Reproduction of part of the material below, pictures omitted: copy exactly, and only, the lines starting with the one with "gelbe Medizin foto" and going on through the one with "Women's High Waist".

Data under study Block Start

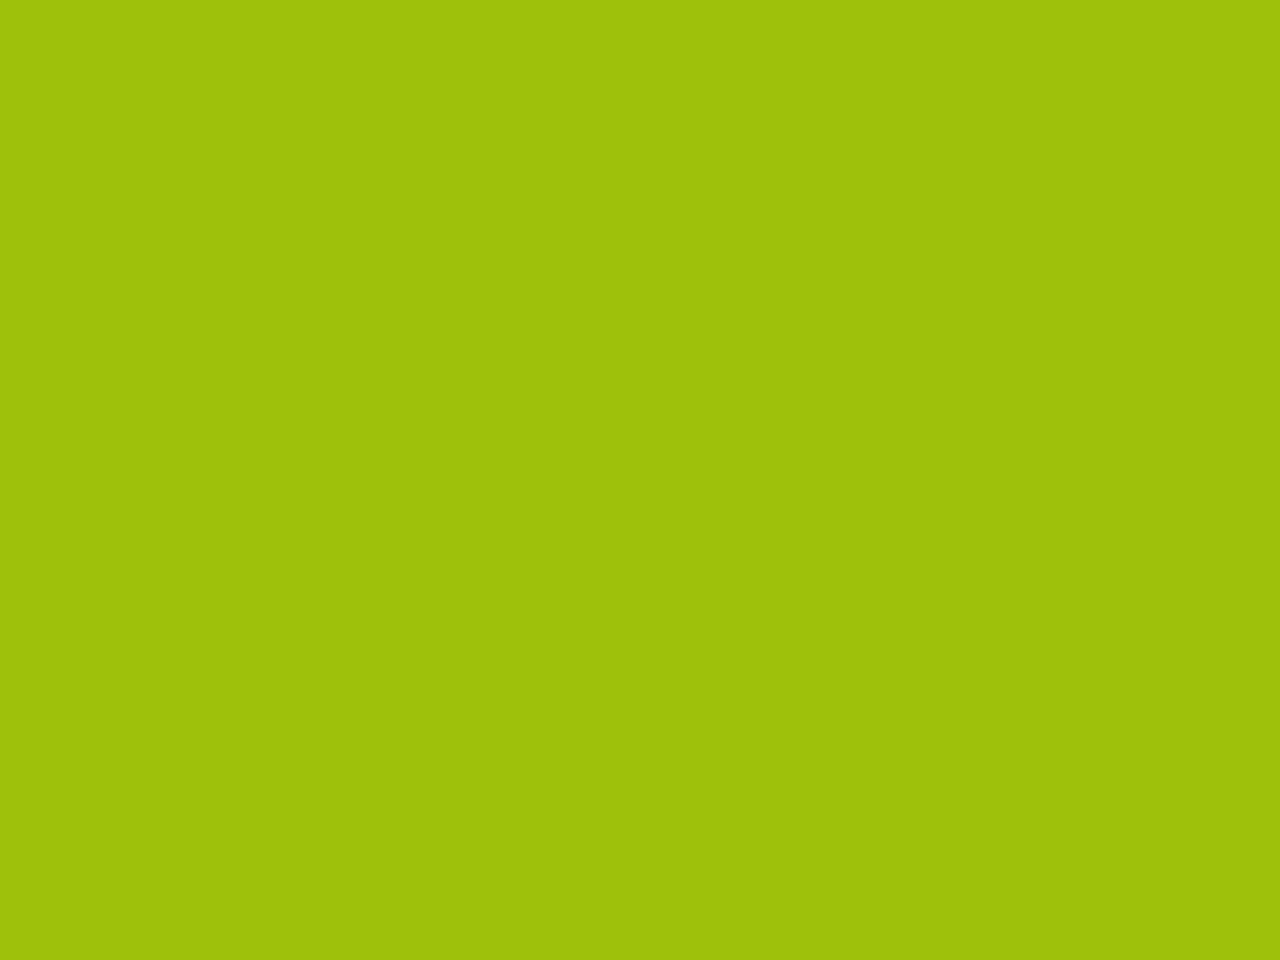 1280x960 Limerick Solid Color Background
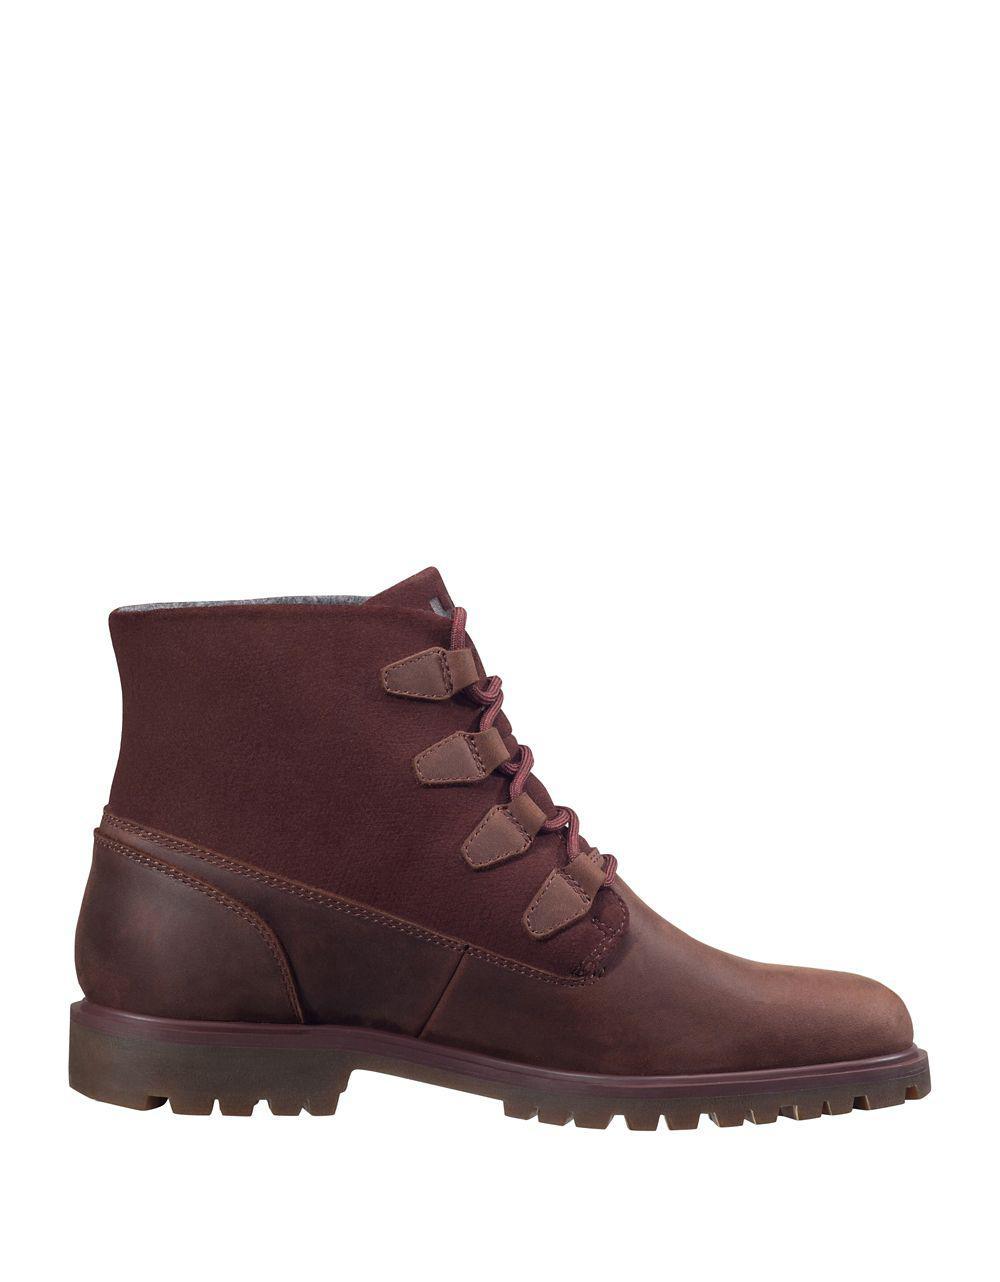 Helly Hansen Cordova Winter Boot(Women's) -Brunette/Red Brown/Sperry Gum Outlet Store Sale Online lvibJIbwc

Data under study Block End
Data under study Block Start

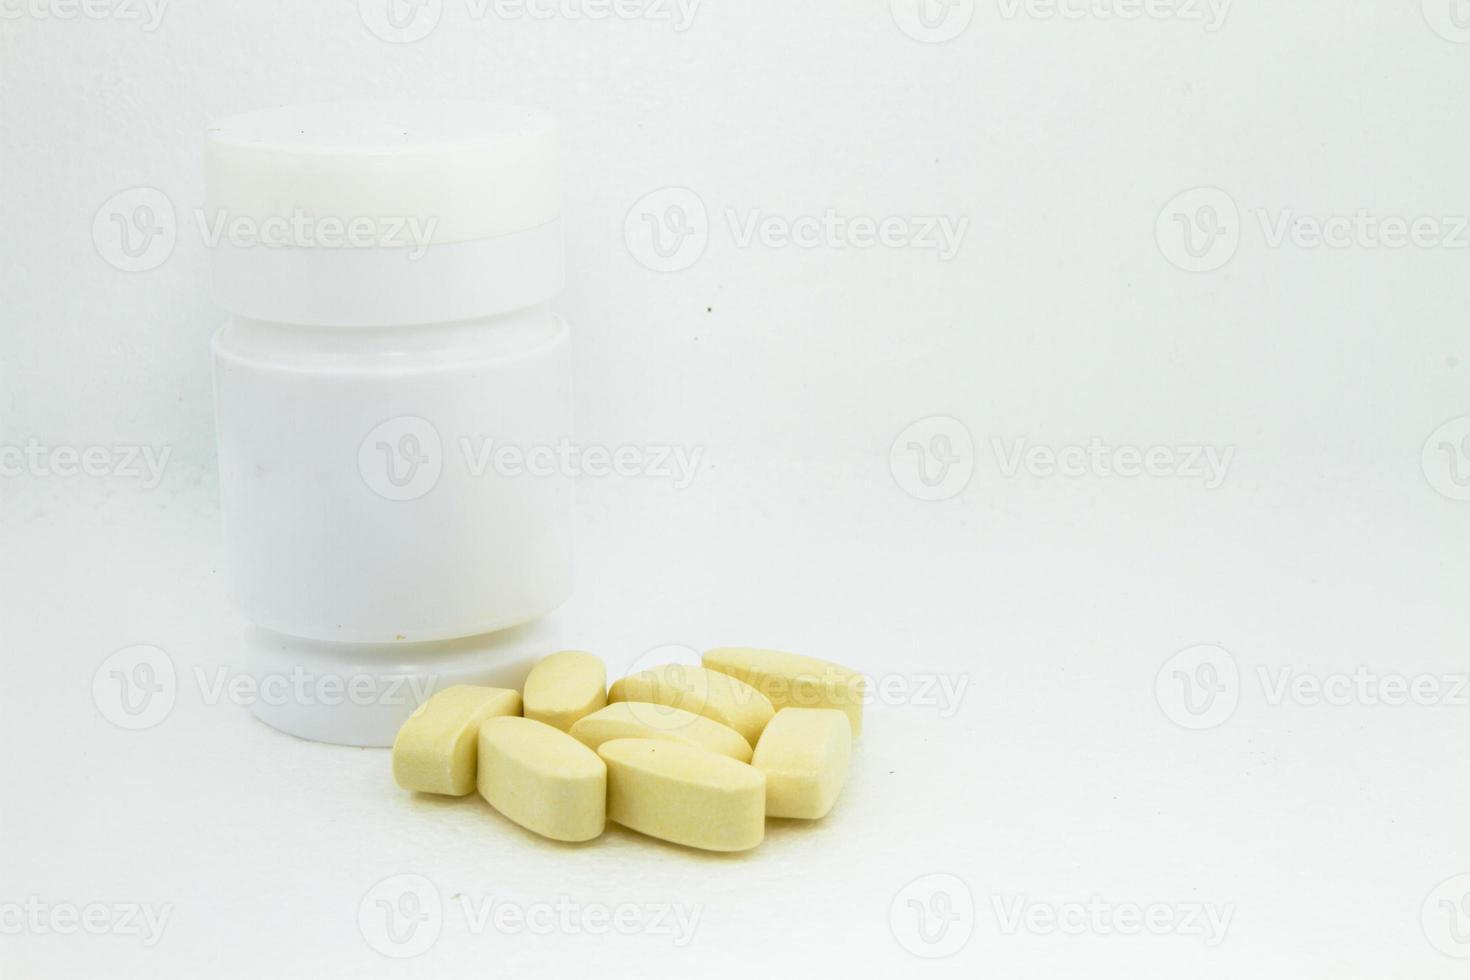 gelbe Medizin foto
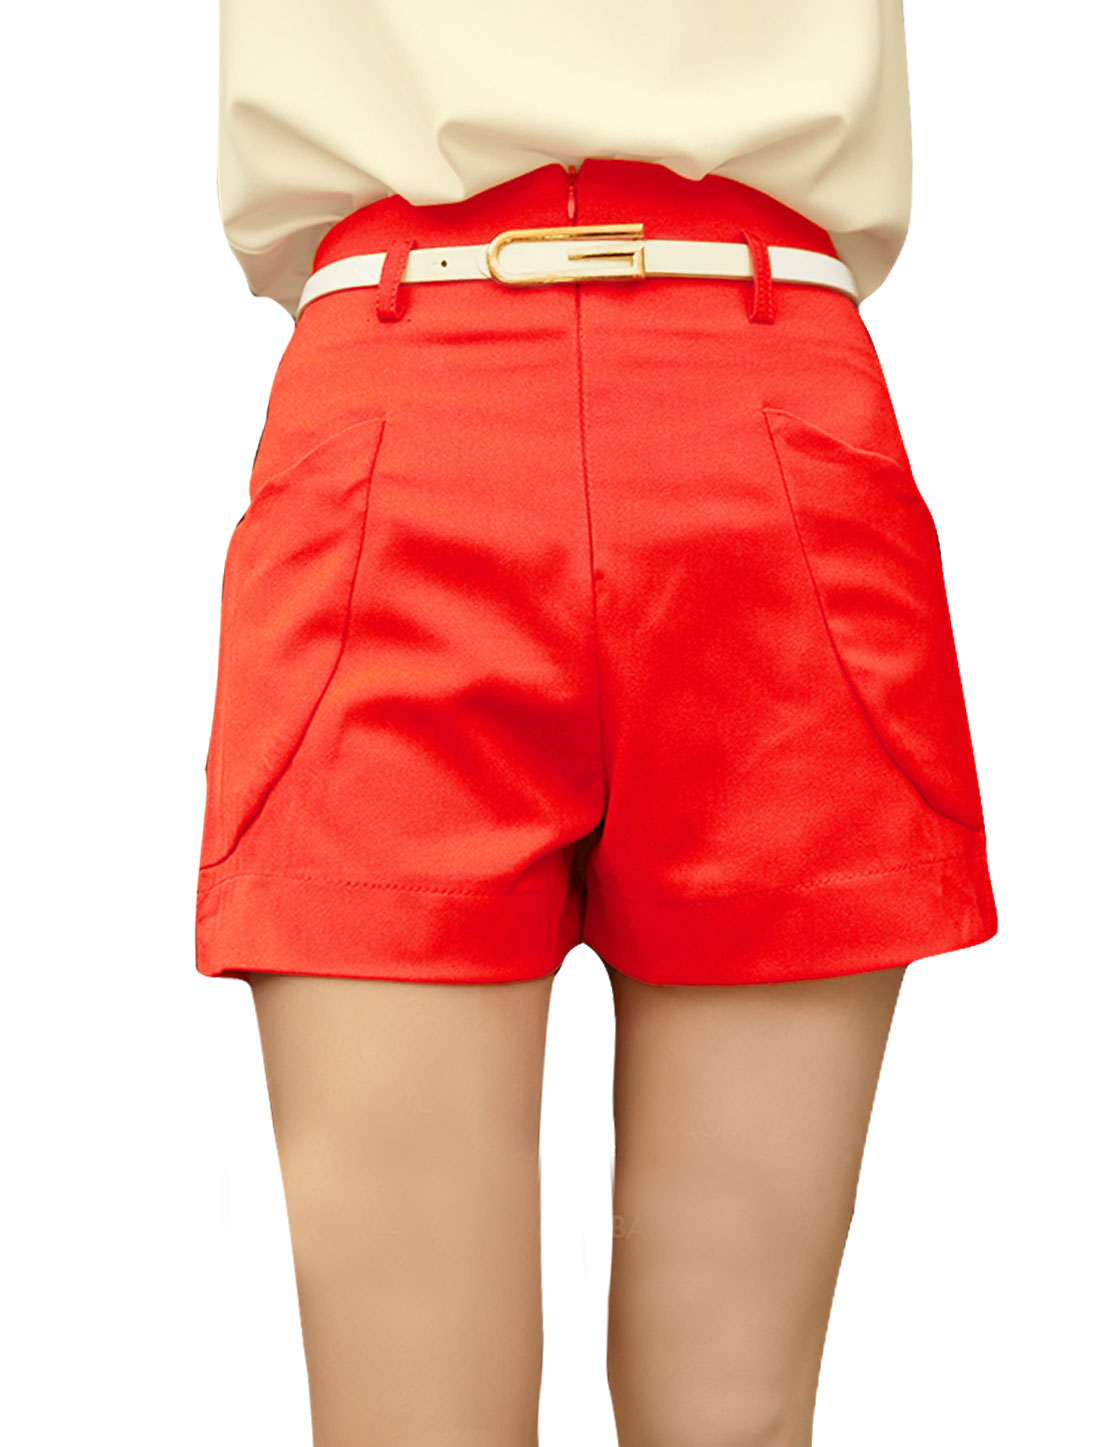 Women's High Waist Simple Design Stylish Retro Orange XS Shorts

Data under study Block End
Data under study Block Start

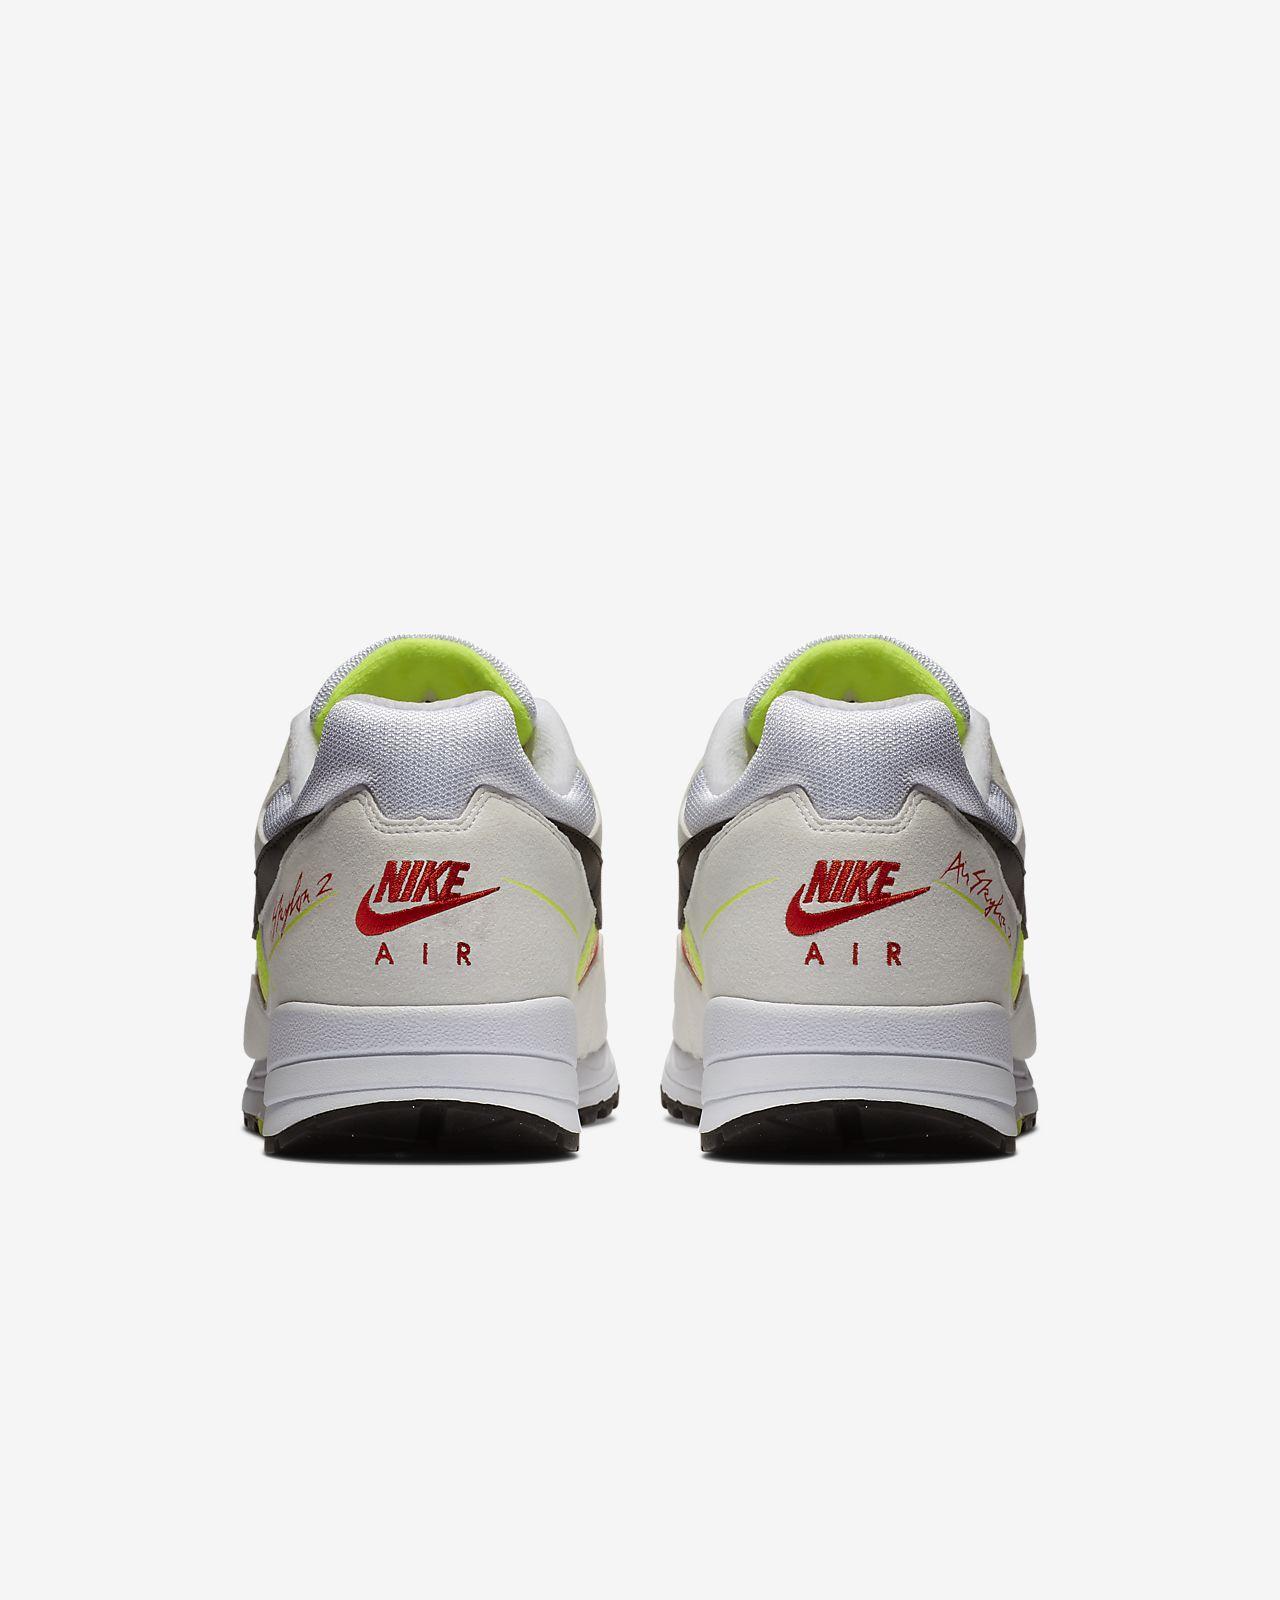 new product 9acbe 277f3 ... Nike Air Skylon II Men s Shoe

Data under study Block End

### Answer for the task
 gelbe Medizin foto
 Women's High Waist Simple Design Stylish Retro Orange XS Shorts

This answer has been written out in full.